| DATA PROVIDED |
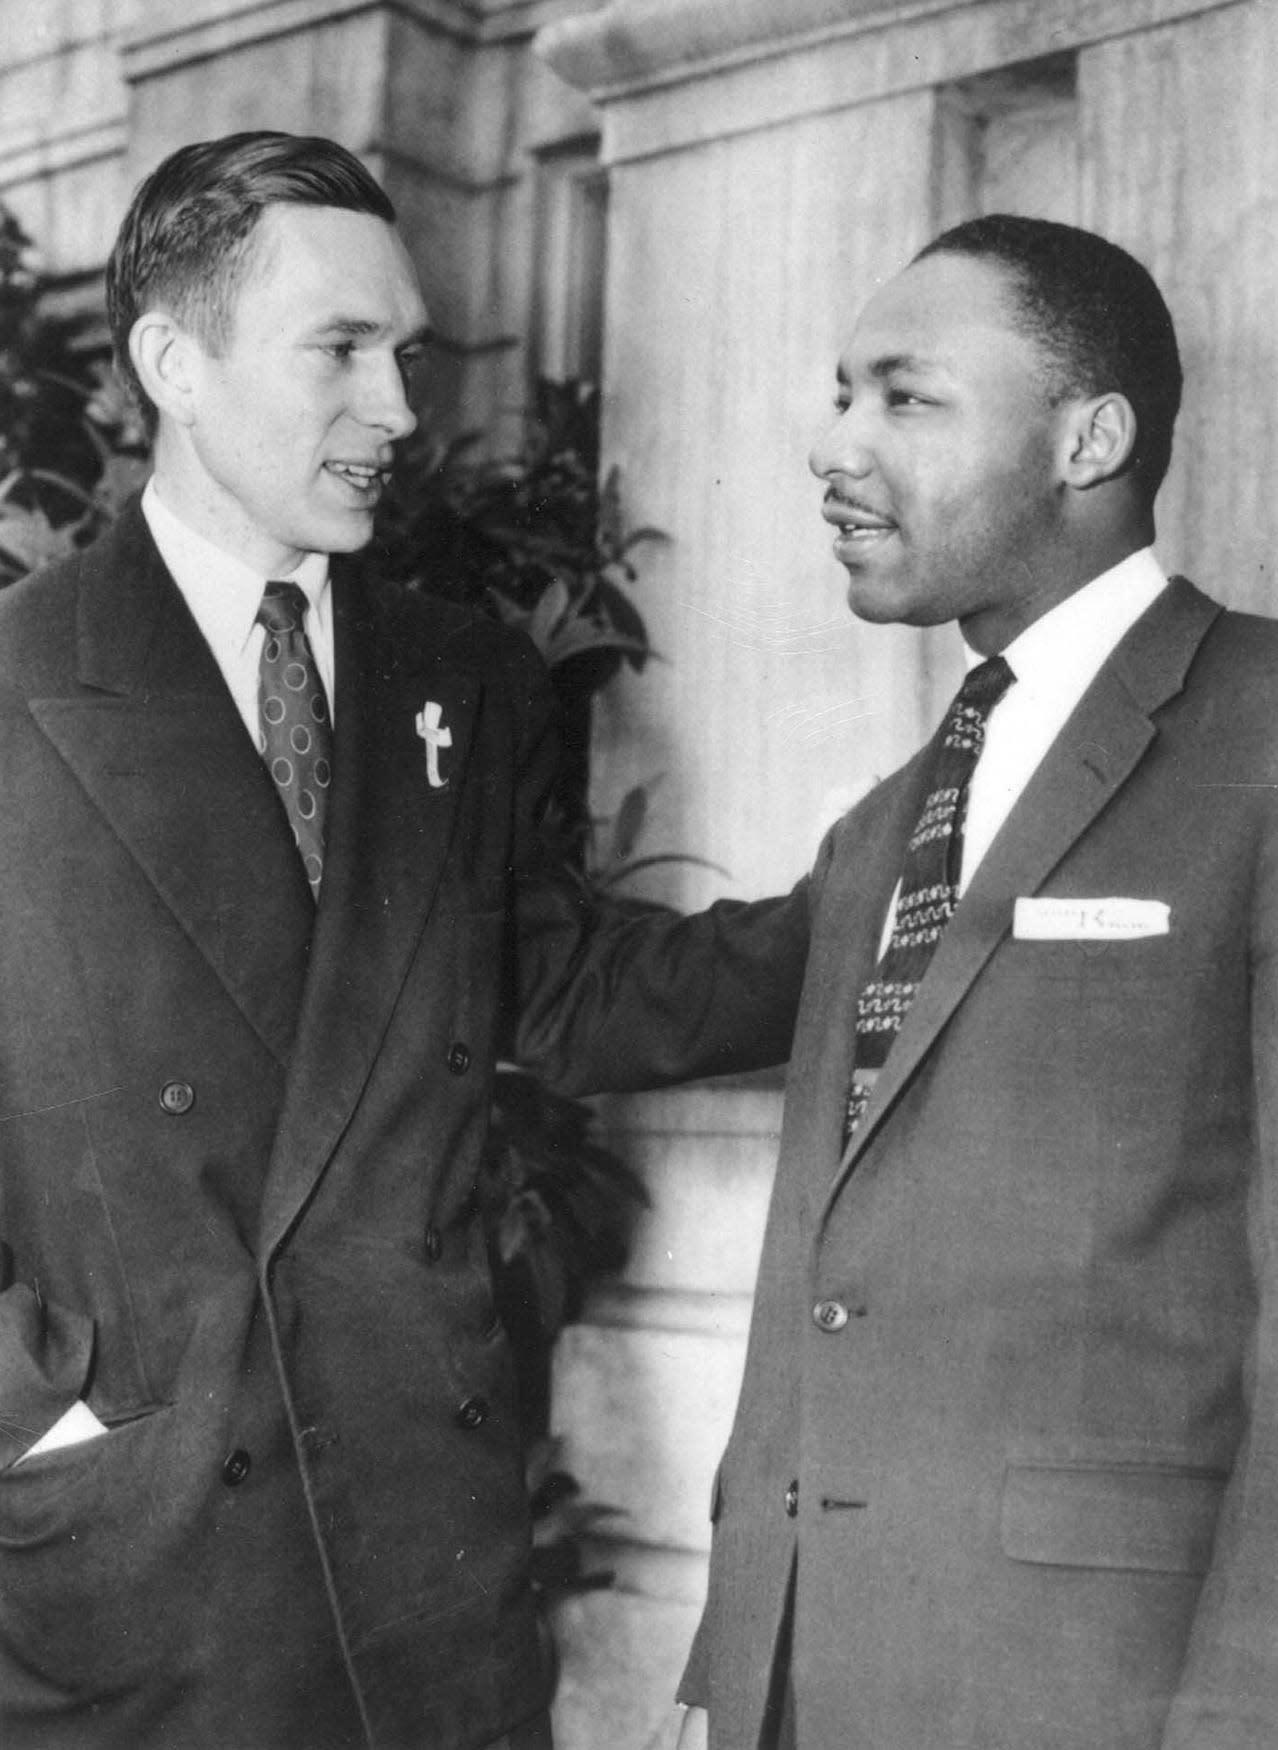 Robert Graetz, the white minister who helped organize 1950s Montgomery Bus Boycott, dies at 92
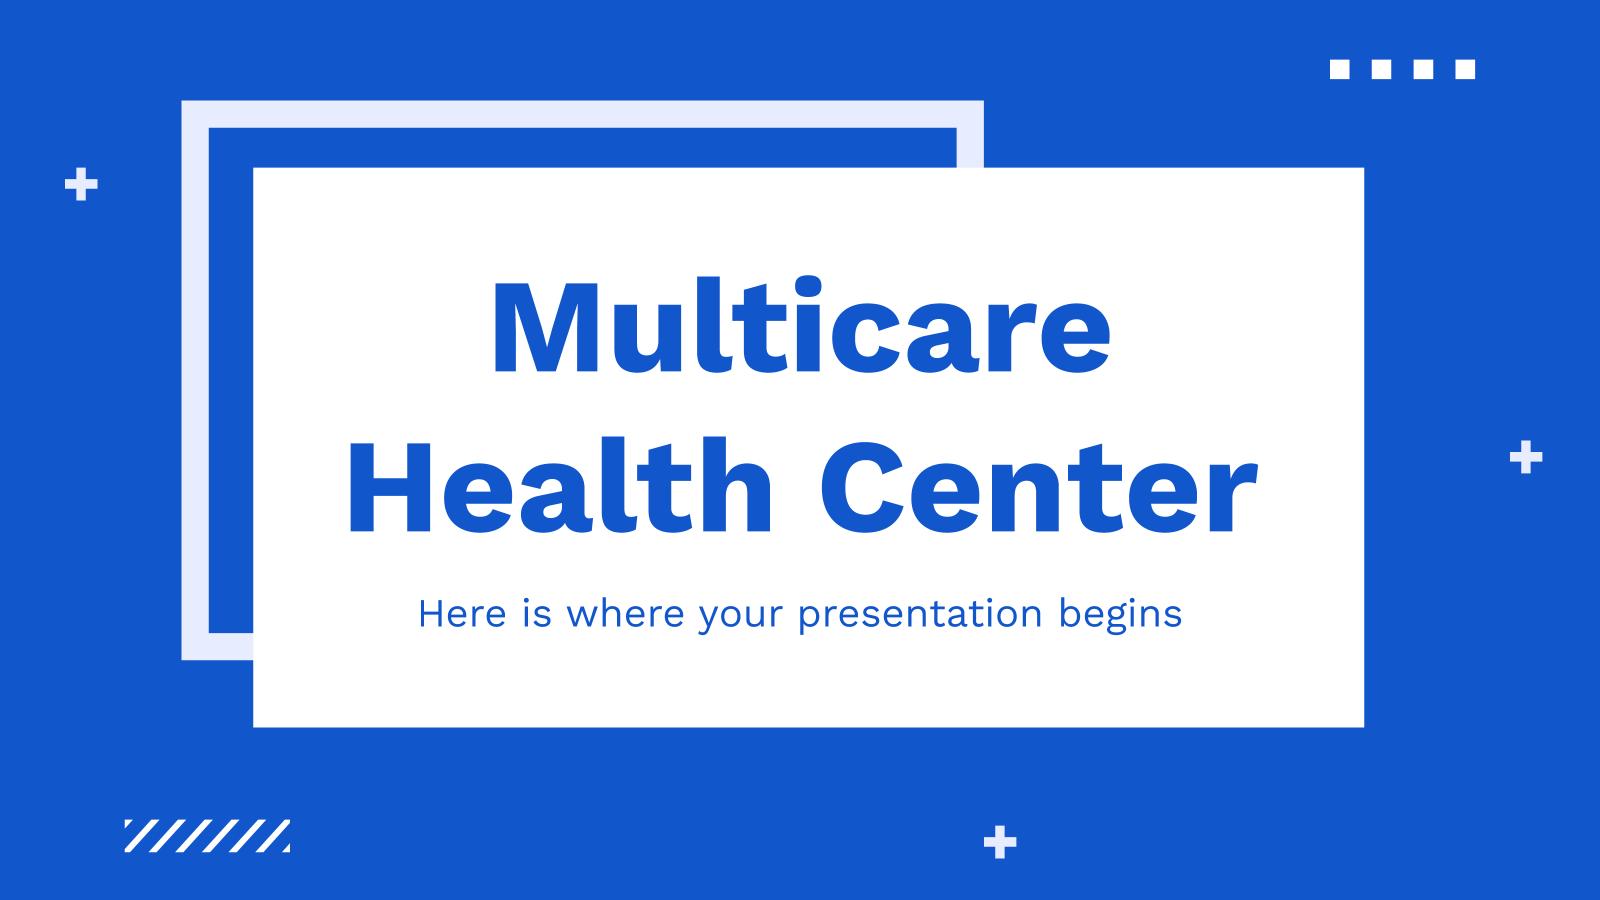 Multicare health center presentation template
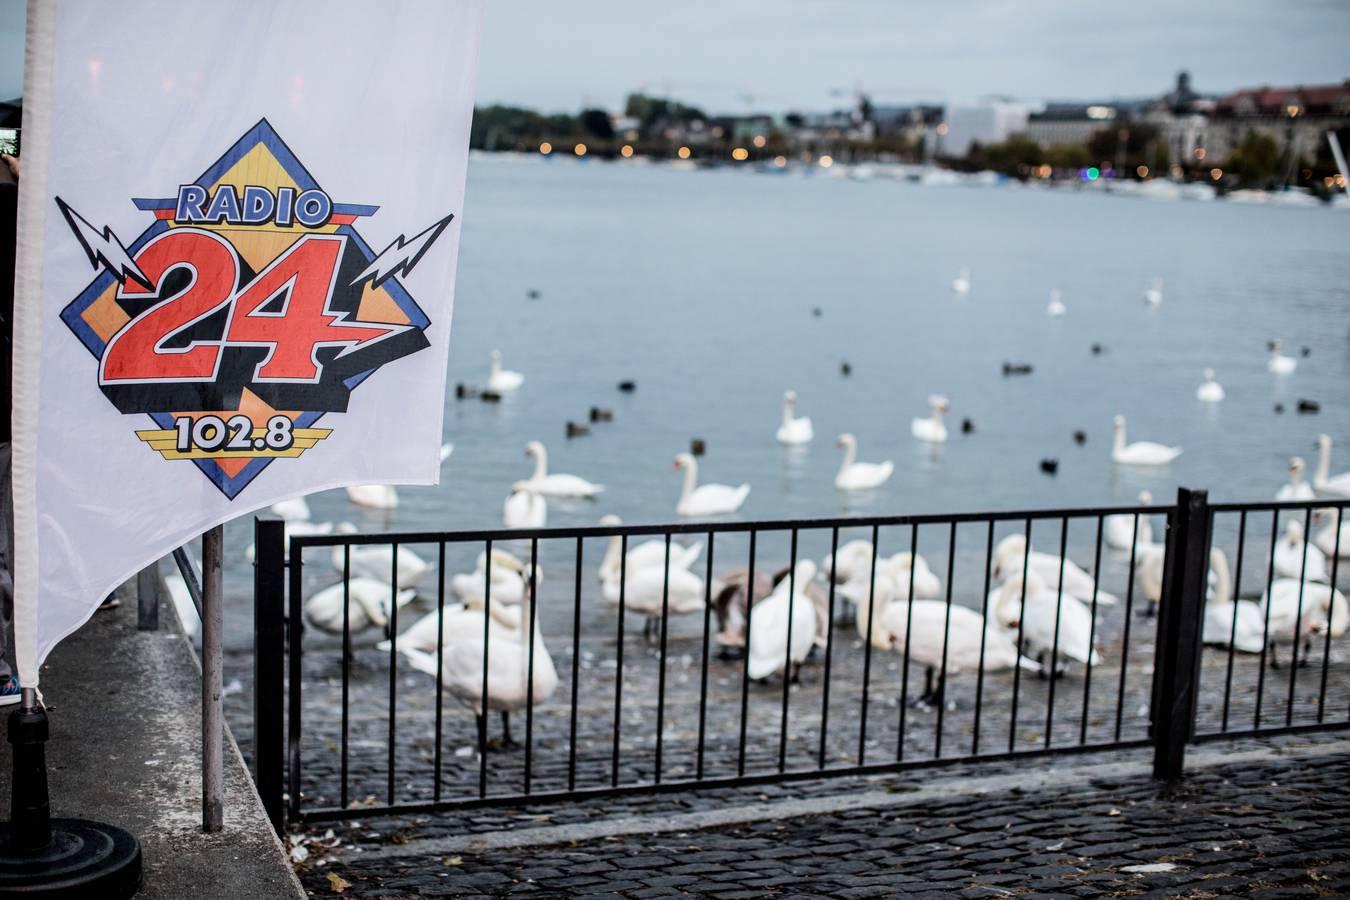 Ehemaligen-Anlass (© Radio 24)
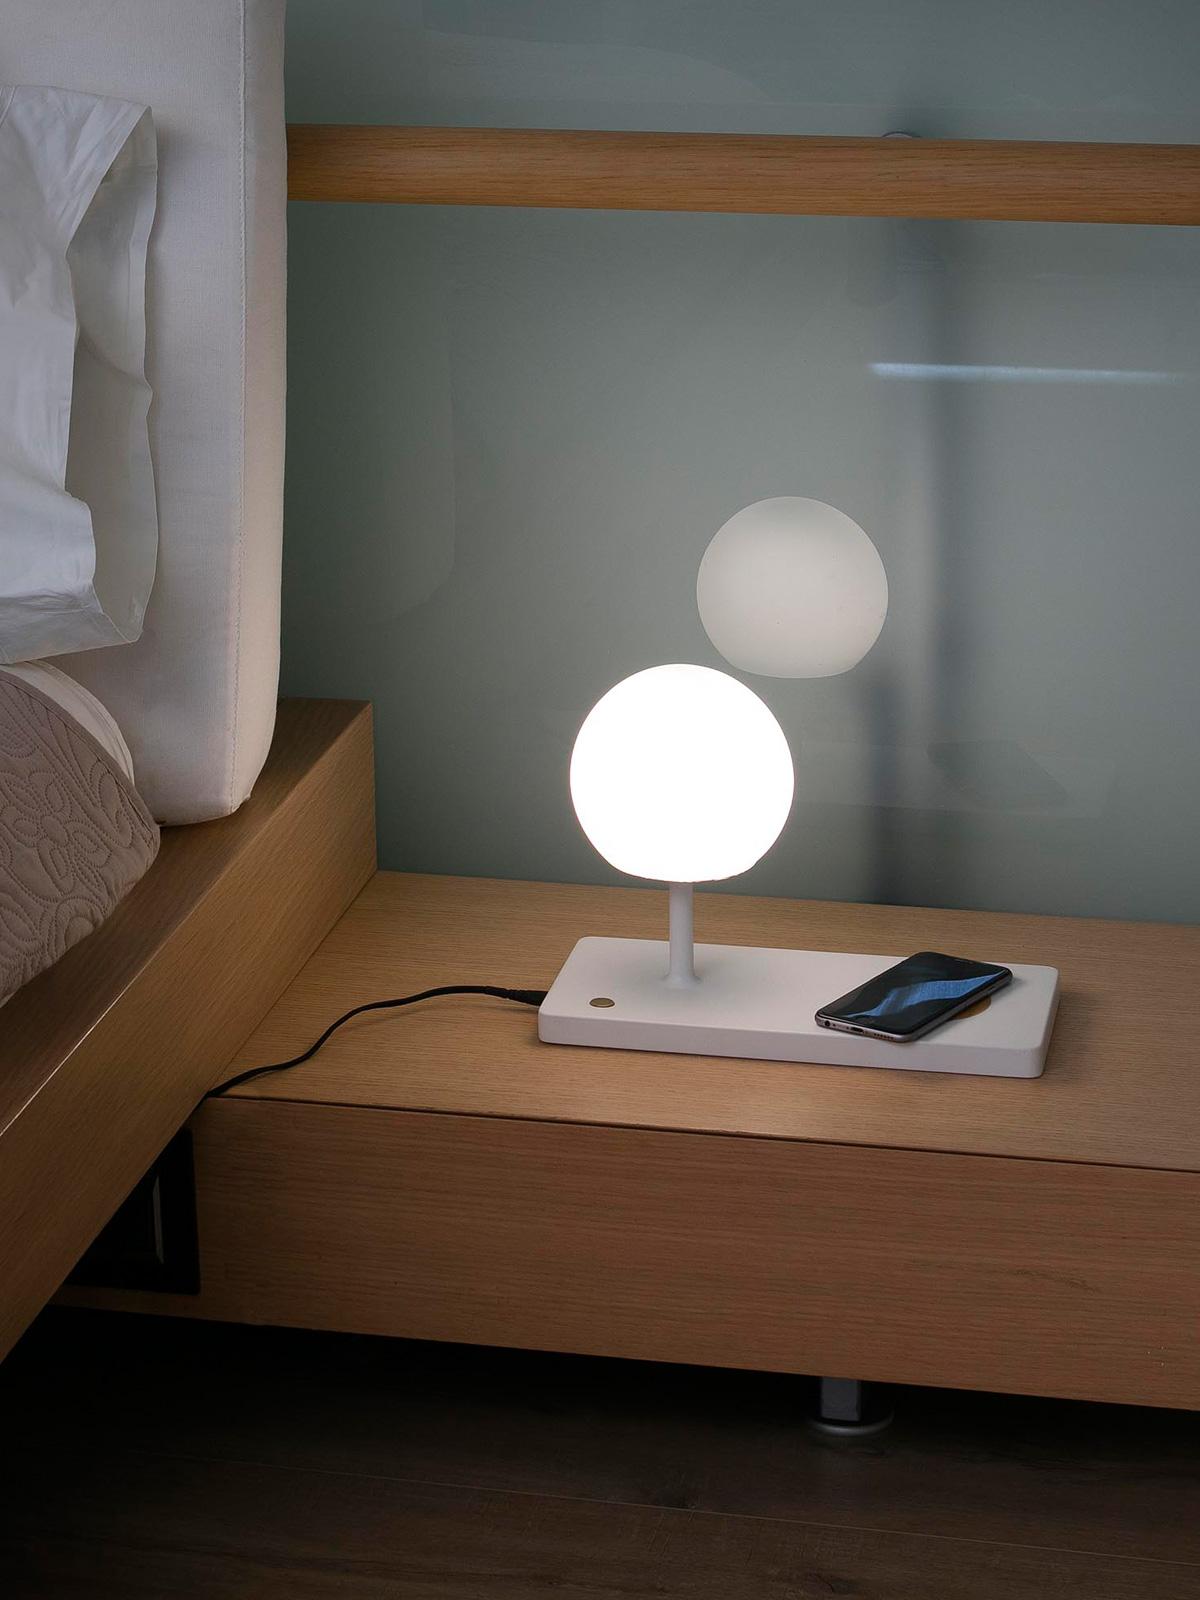 DesignOrt Blog: Multifunktionale Designerleuchten LED Tischlampe Niko Faro

| YOUR GOAL |
Please print the entire listing again exactly, minus its images.

| EXPECTED ANSWER |
 Robert Graetz, the white minister who helped organize 1950s Montgomery Bus Boycott, dies at 92
 Multicare health center presentation template
 Ehemaligen-Anlass (© Radio 24)
 DesignOrt Blog: Multifunktionale Designerleuchten LED Tischlampe Niko Faro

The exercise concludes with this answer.